Open selbenna opened 4 years ago
Let's solve one issue at a time. Right now, the SkLearn2PMML/JPMML-SkLearn stack is complaining an unexpected RandomForestClassifier.classes_
attribute value.
Why are you fitting a LabelEncoder
object separately (and then passing its transformation results to the (PMML)Pipeline.fit(X, y)
method)? Why don't you simply do the following?
raw_data = pd.read_csv("data_columns.csv")
X = raw_data["name"]
y = raw_data["type"]
pipeline = PMMLPipeline([
("transformer", vectorizer),
("classifier",rfc)
])
pipeline.fit(X, y)
Thank you for your response!
I tried what you suggested and I get this error now:
Standard output is empty
Standard error:
janv. 08, 2020 9:47:22 AM org.jpmml.sklearn.Main run
INFOS: Parsing PKL..
janv. 08, 2020 9:48:16 AM org.jpmml.sklearn.Main run
INFOS: Parsed PKL in 53752 ms.
janv. 08, 2020 9:48:16 AM org.jpmml.sklearn.Main run
INFOS: Converting..
janv. 08, 2020 9:48:16 AM org.jpmml.sklearn.Main run
SEVERE: Failed to convert
**java.lang.IllegalArgumentException: char_wb**
at sklearn.feature_extraction.text.CountVectorizer.encodeDefineFunction(CountVectorizer.java:153)
at sklearn.feature_extraction.text.TfidfVectorizer.encodeDefineFunction(TfidfVectorizer.java:84)
at sklearn.feature_extraction.text.CountVectorizer.encodeFeatures(CountVectorizer.java:115)
at sklearn.feature_extraction.text.TfidfVectorizer.encodeFeatures(TfidfVectorizer.java:77)
at sklearn.Transformer.updateAndEncodeFeatures(Transformer.java:118)
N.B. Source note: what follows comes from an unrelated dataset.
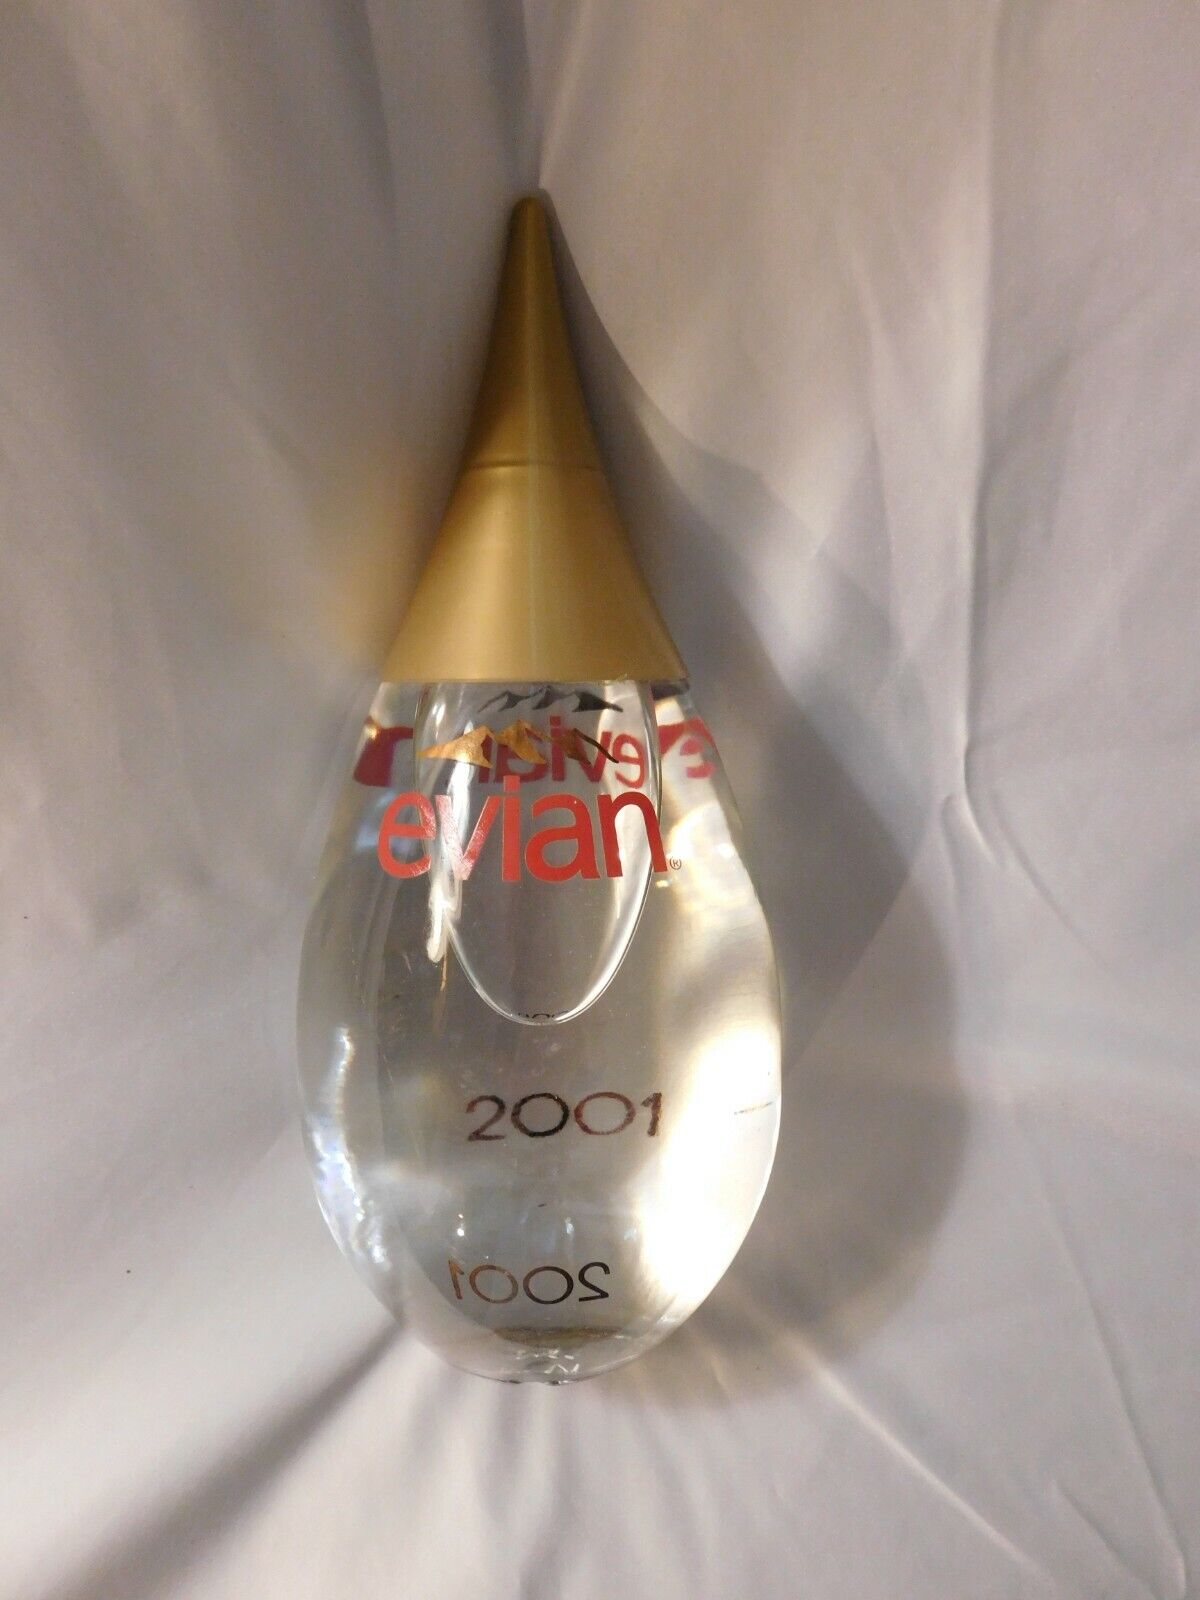 Evian Teardrop Glass Water Bottle 2001

at sklearn.Composite.encodeFeatures(Composite.java:129)
at sklearn2pmml.pipeline.PMMLPipeline.encodePMML(PMMLPipeline.java:208)
at org.jpmml.sklearn.Main.run(Main.java:145)
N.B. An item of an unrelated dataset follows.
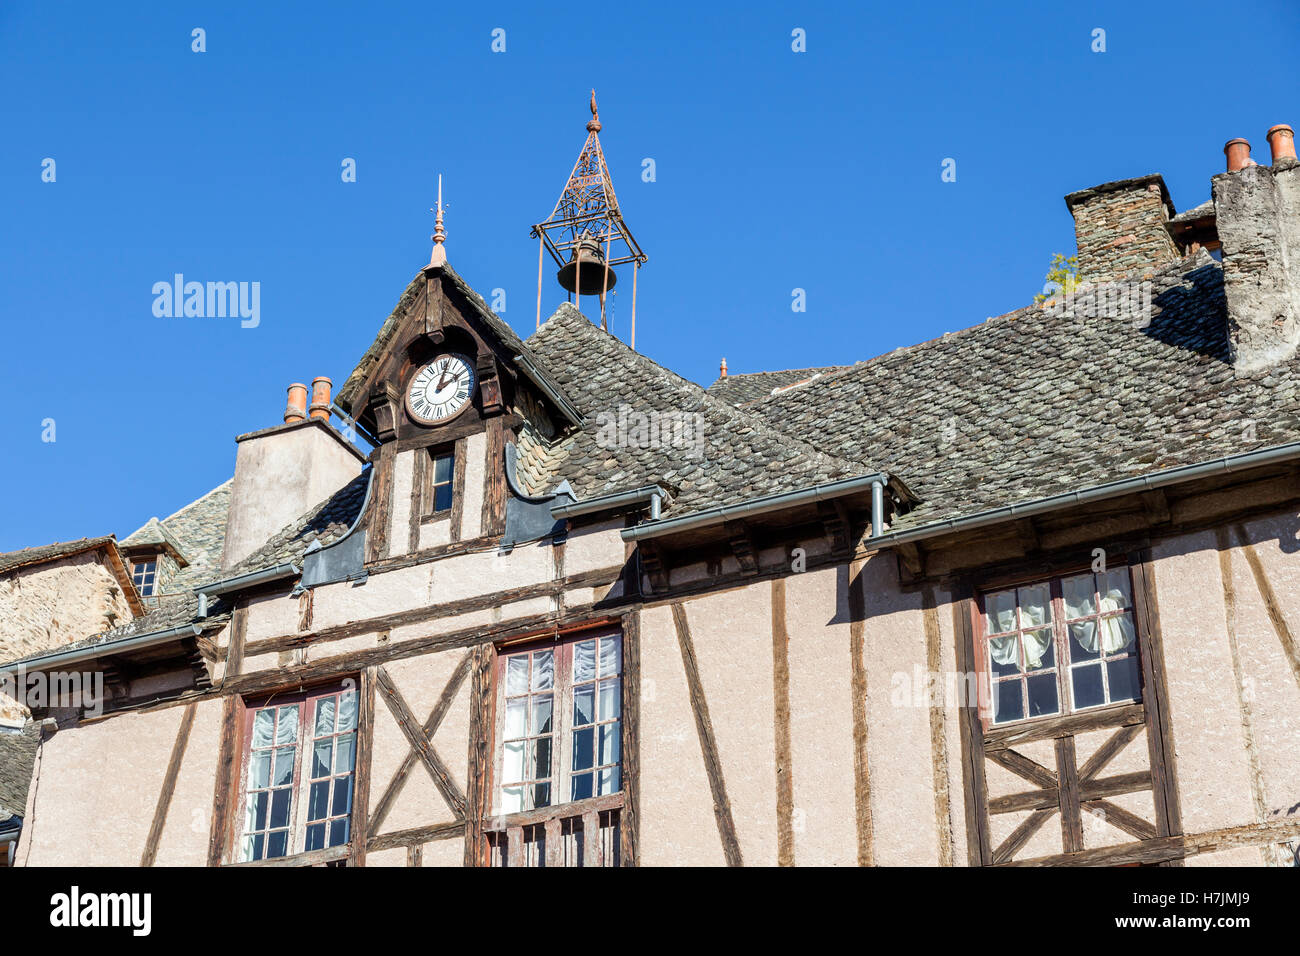 Le petit village médiéval de Conques (Aveyron - France). Il montre aux visiteurs ses anciennes maisons à colombages avec leurs toits de lauzes. Banque D'Images

at org.jpmml.sklearn.Main.main(Main.java:94)
Exception in thread "main" java.lang.IllegalArgumentException: char_wb
at sklearn.feature_extraction.text.CountVectorizer.encodeDefineFunction(CountVectorizer.java:153)
at sklearn.feature_extraction.text.TfidfVectorizer.encodeDefineFunction(TfidfVectorizer.java:84)
at sklearn.feature_extraction.text.CountVectorizer.encodeFeatures(CountVectorizer.java:115)
at sklearn.feature_extraction.text.TfidfVectorizer.encodeFeatures(TfidfVectorizer.java:77)
at sklearn.Transformer.updateAndEncodeFeatures(Transformer.java:118)
at sklearn.Composite.encodeFeatures(Composite.java:129)
at sklearn2pmml.pipeline.PMMLPipeline.encodePMML(PMMLPipeline.java:208)
at org.jpmml.sklearn.Main.run(Main.java:145)
at org.jpmml.sklearn.Main.main(Main.java:94
What do you think? Thanks!
java.lang.IllegalArgumentException: char_wb
That's the exception we've been looking for - it means that the "char_wb" text analyzer type is currently not supported.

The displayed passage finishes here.